All continuous variables were presented as mean +/- SD and were analyzed by using Student's t-test or Wilcoxon's rank sum test when appropriate. Repeated-measures analysis of variance for continuous variables was used to examine the interaction between amiodarone and surgery. A nonparametric test of the median (number of points above median) compared time variables such as days of mechanical ventilation or length of stay in the ICU. Categorical variables were expressed as actual numbers as well as percentages and compared by using chi squared or Fisher's exact test. The Cochran-Mantel-Haenszel test and multiple regression analysis were used to examine the effect of amiodarone on clinical outcome variables. All statistical tests were two-tailed, and significance was accepted at P < 0.05. Statistical analysis was performed using JMP Statistical software version 3.5.1 (SAS Institute Inc., Cary, NC).

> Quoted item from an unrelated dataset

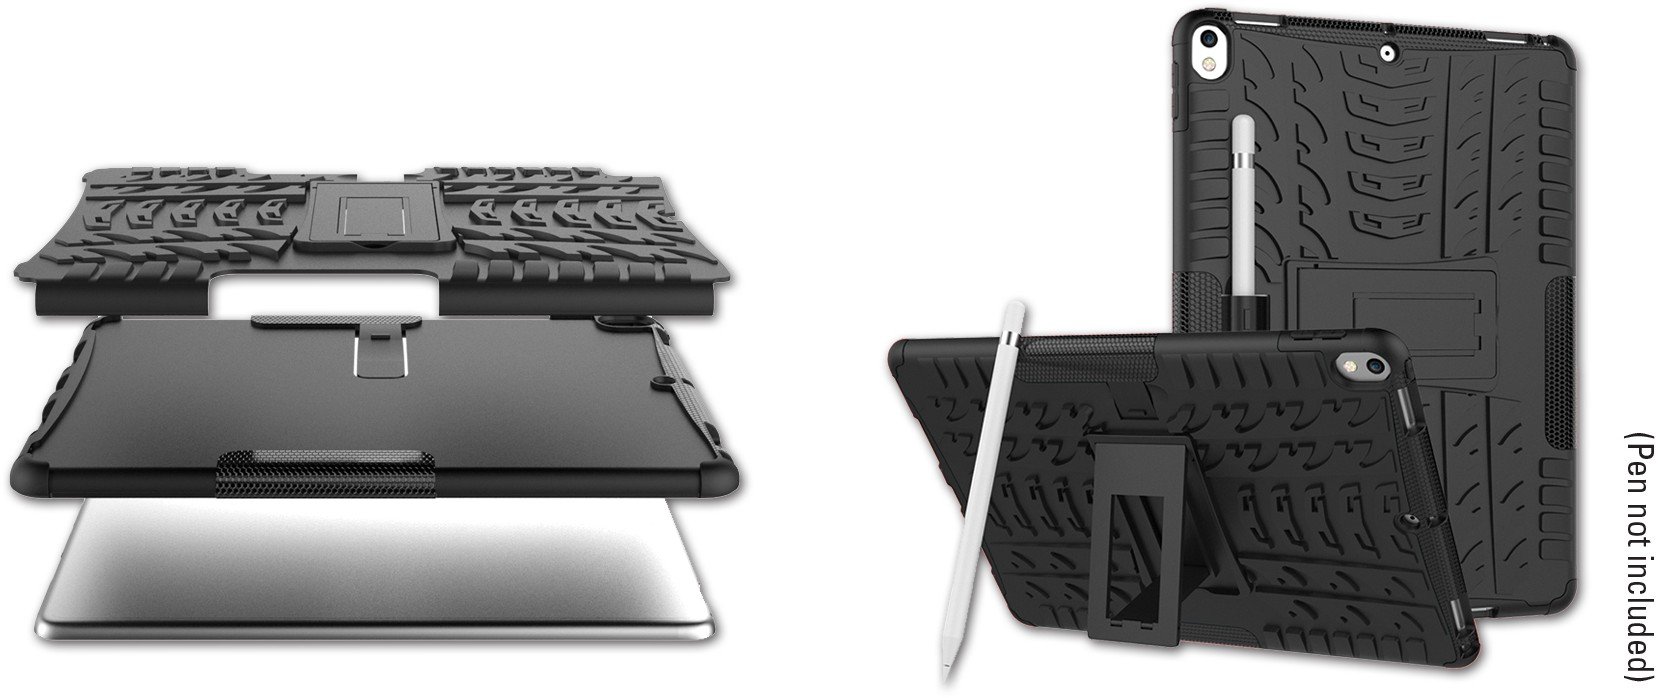 Huse tablete - Husa pentru pentru iPad 2/3/4 , Sandberg , negru

The perioperative matching criteria for the control and amiodarone groups are depicted in Table 2. Source of admission, age, gender, body mass index, preoperative placement of intraaortic balloon pump, repeat operations, emergency surgery, thoracic aorta surgery, and other surgical procedures were matched in both groups. History of smoking (63% vs 63%), diabetes mellitus (23% vs 20%), hypertension (48% vs 50%), myocardial infarction (44% vs 45%), chronic obstructive pulmonary disease (8% vs 9%), pulmonary vascular hypertension (13% vs 14%), and cardiac shock (2% vs 1%) was similar in the control and amiodarone groups. However, cerebral and peripheral vascular disease, history of congestive heart failure, severe left ventricular dysfunction, and preoperative therapy with digoxin and angiotensin I-converting enzyme inhibitors were more prevalent in the amiodarone group (Table 3). beta-blockers (24% vs 17%) and calcium channel blockers (27% vs 20%) were used with similar frequency in the two groups.
Preoperative hematocrit, serum albumin, and total bilirubin levels were similar in the control and amiodarone groups. The blood urea nitrogen and serum creatinine levels were significantly higher in the amiodarone group. Although the preoperative heart rate was slower in the amiodarone group, other systemic and pulmonary hemodynamic variables were similar to those of the control group. Systemic oxygen delivery was slightly lower in the amiodarone group (Table 3). Operative characteristics, including ischemic times, operating times, transfusion of blood products, and return to the operating room for reexploration, were similar in both groups. There were more patients with CABG and valve surgery and fewer CABG alone in the amiodarone group.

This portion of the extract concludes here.